シンポジウム「どうする米軍基地・集団的自衛権──オキナワの選択」傍聴記。

 恥ずかしながら「新外交イニシアティブ」(New Diplomacy Initiative / ND)という組織があって,沖縄問題に新たな視点からの取り組みをしているということを知りませんでした。しかも,沖縄問題(米軍基地問題)の解決は日本政府にいくら働きかけてもできない,なんの意味もないと見切りをつけ,アメリカ政府に直接訴えるロビー活動に活路を見出そう,という組織です。

 この組織の原動力となっているのが,ひとりの女性,いわゆる「でき女」。その人の名は「猿田佐世」。今回のこのシンポジウムを仕掛けたのもこの人です。


 新外交イニシアティブ(以下,NDと略称)とはいかなる組織なのか。そのときいただいたリーフレットによれば,以下のとおりです。

 NDは,日米および東アジア各国において,外交,政治に新たに多様な声を吹き込むシンクタンクとして,2013年8月に設立。国内はもとより,国境を越えて,各国政府,議会,メディアなどへ直接働きかけ,「新しい外交」を推進する。設立前より,沖縄を初めとする日本の国会議員等の訪米行動を企画・実施し,2012年2月および2014年5月の二度の名護市長の訪米行動のコーディネートを担当(名護市は2013年,NDに団体会員として加入)。

 まだ,できたてのほやほやの組織ですが,沖縄の米軍基地問題を解決するための,まったく新しい可能性を予感させる,しかも,最後の切り札にもなりうるのではないかと思われる,眼からウロコのような組織です。少なくとも,わたしは驚きました。こういう方法があったか,と。しかも,それを民間団体として成立させようというのですから。


 ついでに,その中心人物である「猿田佐世」という人の略歴を紹介しておきましょう。

 猿田佐世(さるた・さよ)〔新外交イニシアティブ事務局長〕
 2002年日本にて弁護士登録。09年米国ニューヨーク州弁護士登録。12年アメリカン大学国際関係学部にて国際政治・国際紛争解決学修士号取得。自らワシントンにてろビーイングを行う他,沖縄・日本の国会議員・地方議会議員,各団体等の訪米行動を企画・実施。大学学部時代から現在までアムネスティ・インターナショナル,ヒューマン・ライツ・ウォッチ等の国際人権団体で活動。著書に『国際人権法実践ハンドブック』(共著,現代人文社)ほか。

 冒頭にかかげたシンポジウムのプログラムをご覧いただければ,おおよそのことは理解していただけると思います。どのスピーカーのお話も熱がこもっていて迫力満点でした。なかでも,東京新聞論説兼編集委員の半田滋さんと,やはり,コーディネーターの猿田佐世さんのお話が強烈に印象に残りました。その詳しい内容については,『虚像の抑止力』──沖縄・東京・ワシントン発安全保障政策の新機軸(新外交イニシアティブ=編,旬報社,2014年刊)をご覧ください。

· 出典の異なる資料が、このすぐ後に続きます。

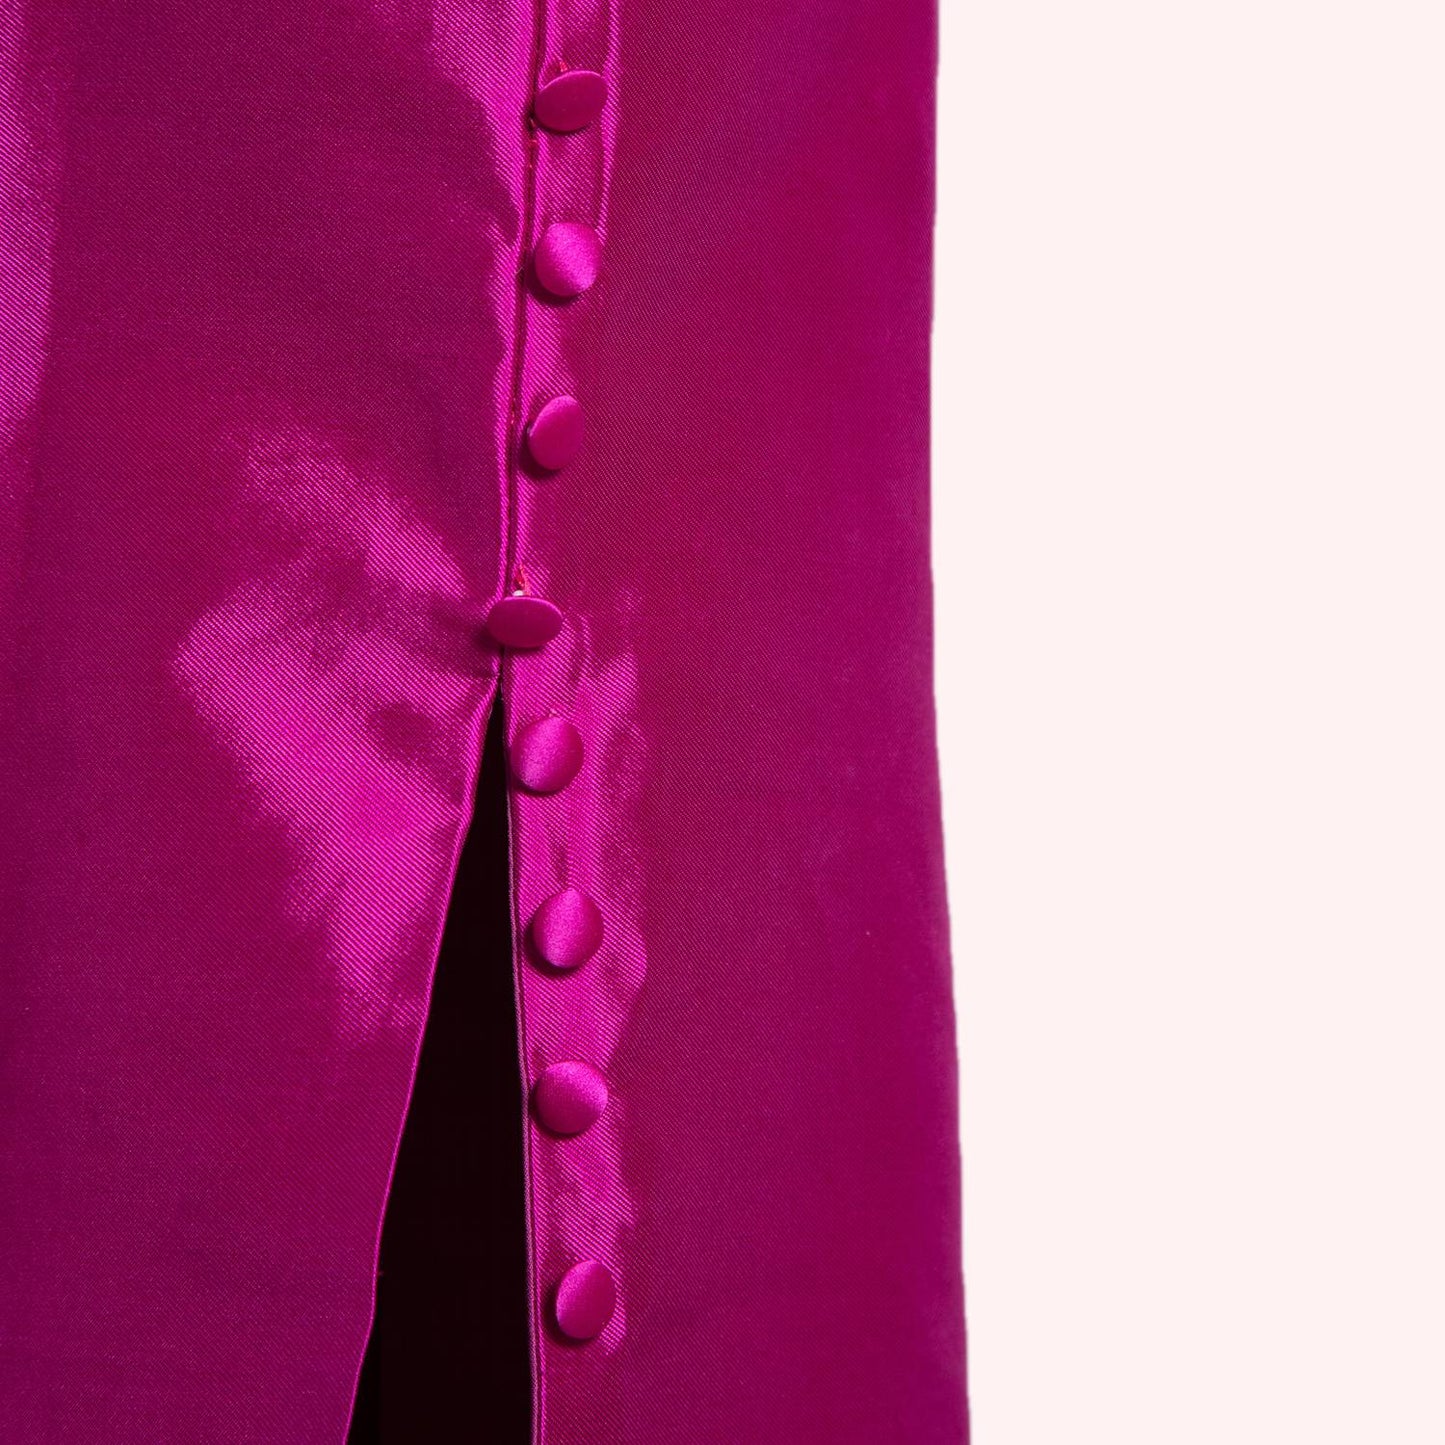 MALAN BRETON Fuschia Pink One Shoulder Silk Maxi Dress
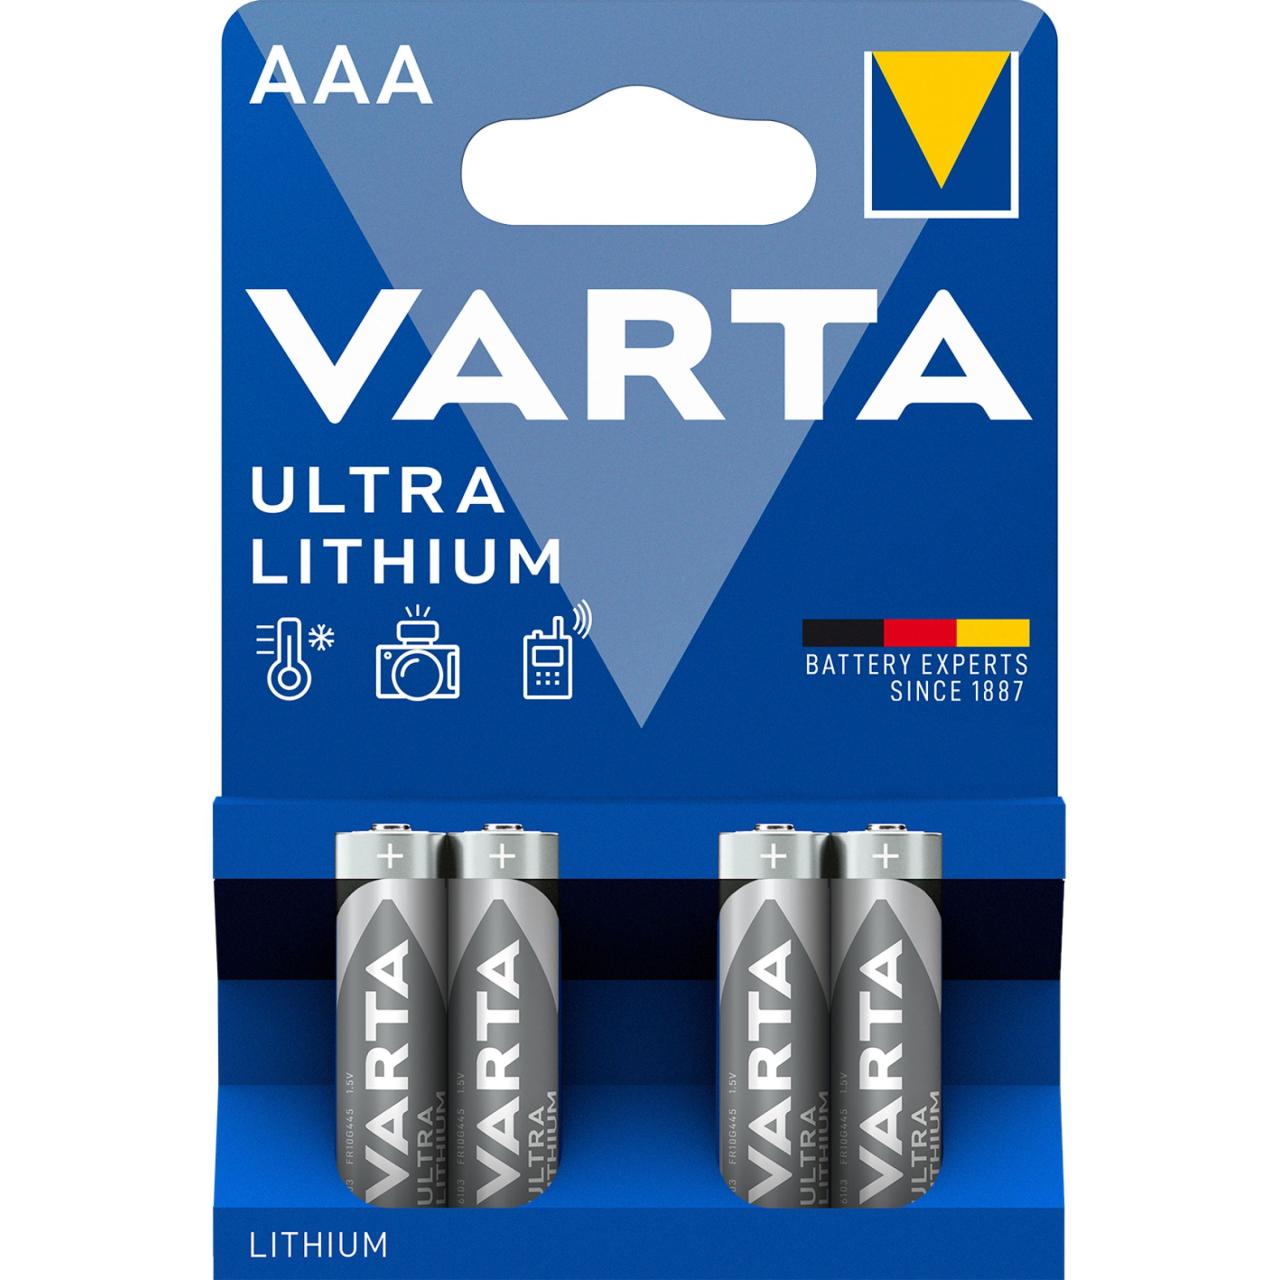 Varta Ultra Lithium AAA 4 stk pakning

 シンポジウムのサブタイトルにもありますように,「オキナワの選択」という大きな視座が,この組織には組み込まれています。つまり,最終的には「オキナワの独立」もありうる,という立場です。その根は,なにか大きな力に頼る運動の展開ではなく,自立/自律した,自由で,広い視野から固有の運動を展開していこうというところに伸びているようです。その意味で,この組織のこんごの活動に大いに期待したいと思っています。

 最後にただ一点だけ。いわゆる沖縄米軍基地による「抑止力」の議論は,まったくの虚像であり,なんの根拠もない,ということでシンポジストたちの意見は一致していました。そして,その理由がそれそれのスピーカーの立場から詳細に論じられました。納得の議論でした。

 取り急ぎ,遅くなりましたが,「傍聴記」まで。